Supplied data:
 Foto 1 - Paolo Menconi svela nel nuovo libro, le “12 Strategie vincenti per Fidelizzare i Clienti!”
==
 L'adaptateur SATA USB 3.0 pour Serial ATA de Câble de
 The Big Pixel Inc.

What is being asked:
The output should be exactly the lines above from the line containing "L'adaptateur SATA USB" to the line containing "The Big Pixel Inc.", inclusive, with no other lines.

Answer section:
 L'adaptateur SATA USB 3.0 pour Serial ATA de Câble de
 The Big Pixel Inc.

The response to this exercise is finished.